Shift in perspective…
You awaken as the bed creaks in movement, and the warmth leaves your side. You reach for your love in your half asleep state of mind, and as you do, your partially opened eyes become transfixed by the sensual art piece in front of you. Your breath catches as your body stirs to life. Her back is turned to you. She’s standing, strong, vulnerable, feminine. The light floats down, and streaks of sun soften her dark ringlets as they bounce in response to her light neck and core stretches.
Her hair has grown quickly… Just a few months back, we were having relationship problems, and I moved out. When she agreed to meet up with me, I almost didn’t recognize her. She wore a short, spunky hair do, had new clothes, she was leaner, and an attitude that told me she no longer needed me resonated off of her. It scared me. With our pause, I realized how much I’d become comfortable. Too damn comfortable. We met on common ground, at our favorite coffee shop. She was keeping busy by staring intently into her coffee mug. I got the feeling she was using its very warmth just to keep her going. It was a long and hard discussion, one that took courage from both parties. We had to break down walls we’d worked diligently as a team to put up together. We both felt like failures. When she found the strength to meet my gaze, I knew. I knew she was still mine, and I hers. Her eyes are the most expressive eyes I’ve ever encountered, and I would choose hers every day for the rest of my life.
As she turned, her dancer like body seemed to glide across the room. Even in the sticky humidity, with her unruly bedhead reaching to the ceiling, I’m mesmerized by her beauty. Her physical beauty is obvious to all. It still manages to catch me off-guard. She teases me sometimes, and tells me my jaw should have a hinge on it in order to keep it shut. That’s what I love most about her, her ability to play. That, and her kindness. She just got up to turn the fan on for me. She could do without. She did it for me. As she walked to the bathroom, I watched intensely. The way she moves, lithely, with purpose. As I heard her start the shower, my mind raced for ideas to help show her I appreciate her.

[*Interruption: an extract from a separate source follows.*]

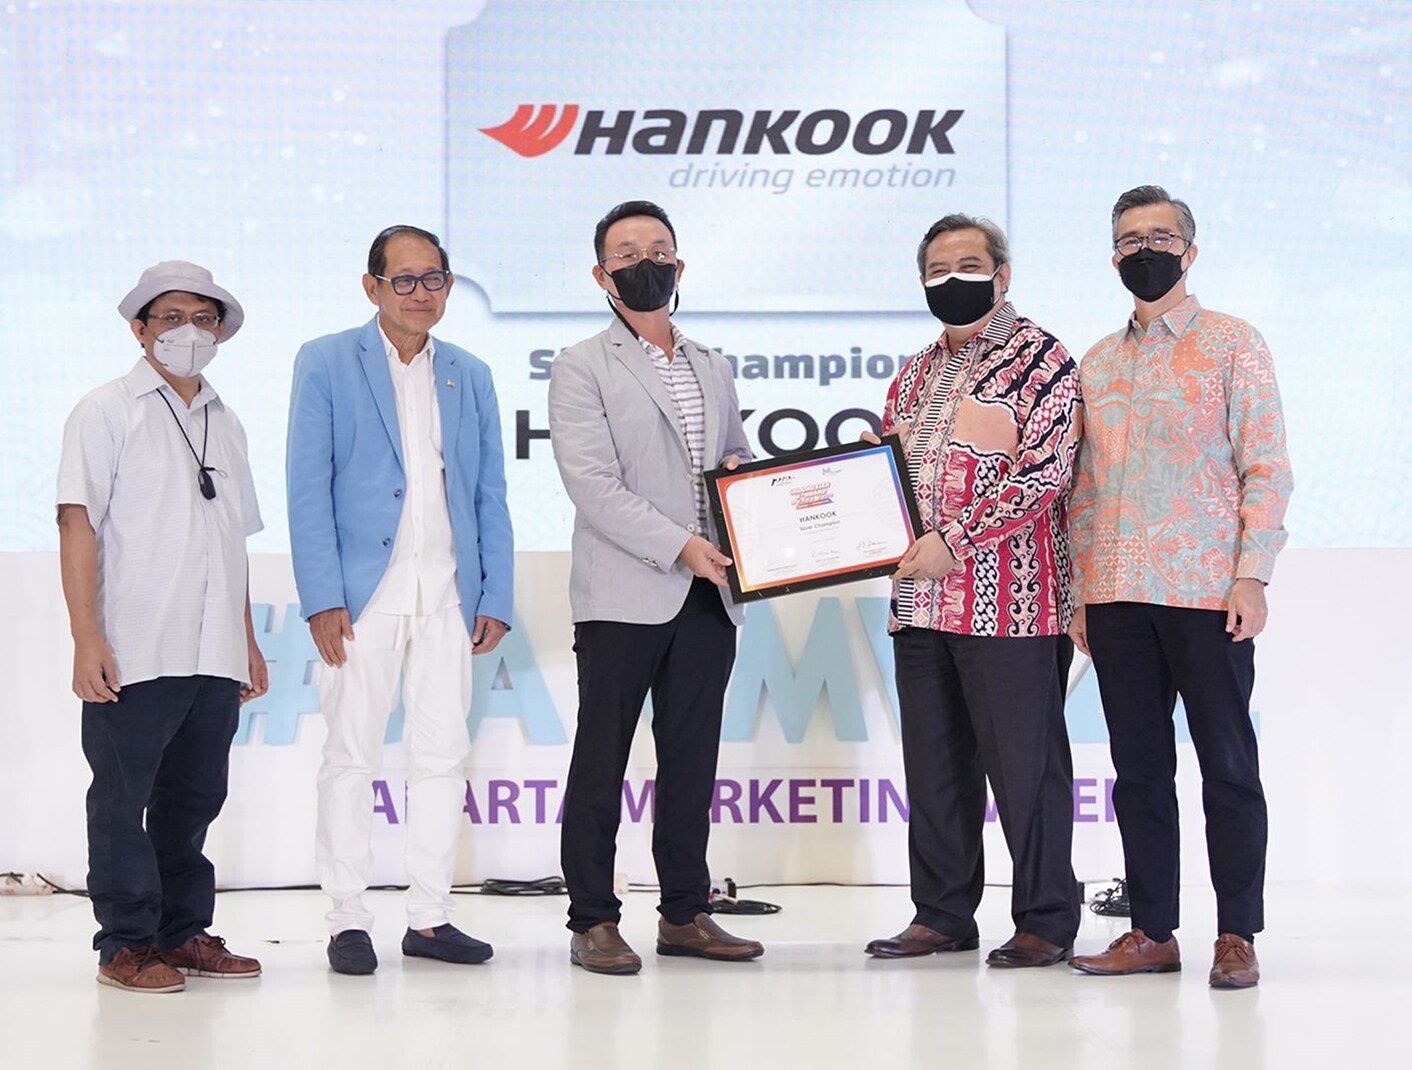 هانكوك للإطارات تحقق الفائز الفضي في جائزة كيه براند الإندونيسية لعام 2022

Breakfast? A silly poem? Join her in the shower? Ummmmmmm. I performed an internet search, found the song I was looking for. I quickly located my small speakers amidst my messy closet. I scrounged to find her favorite candle. I went downstairs to peruse the fridge. Nothing screamed romantic or sexy, so I opted for toast with her favorite jelly and a cup of oj. Got the coffee pot started. I brought her snack upstairs, lit the candle, and laid it on the nightstand.
I took a deep breath and decided to go full cheese. I brought the speakers and my phone into the small bathroom. I peed and then hooked everything up. She peeked out once, but kept her curiosity at bay with a questioning glance. I pushed play on my phone. Incubus’ “Wish You Were Here” blared with harmonic clarity from the small speakers littering the limited space on the bathroom floor. The song has kind of been “ours” since the beginning of our relationship. I stepped into the shower to face you, and with perfect timing, embraced you while mouthing the words in alignment to Boyd’s soulful singing, “And in this moment I am happy. Happy. “.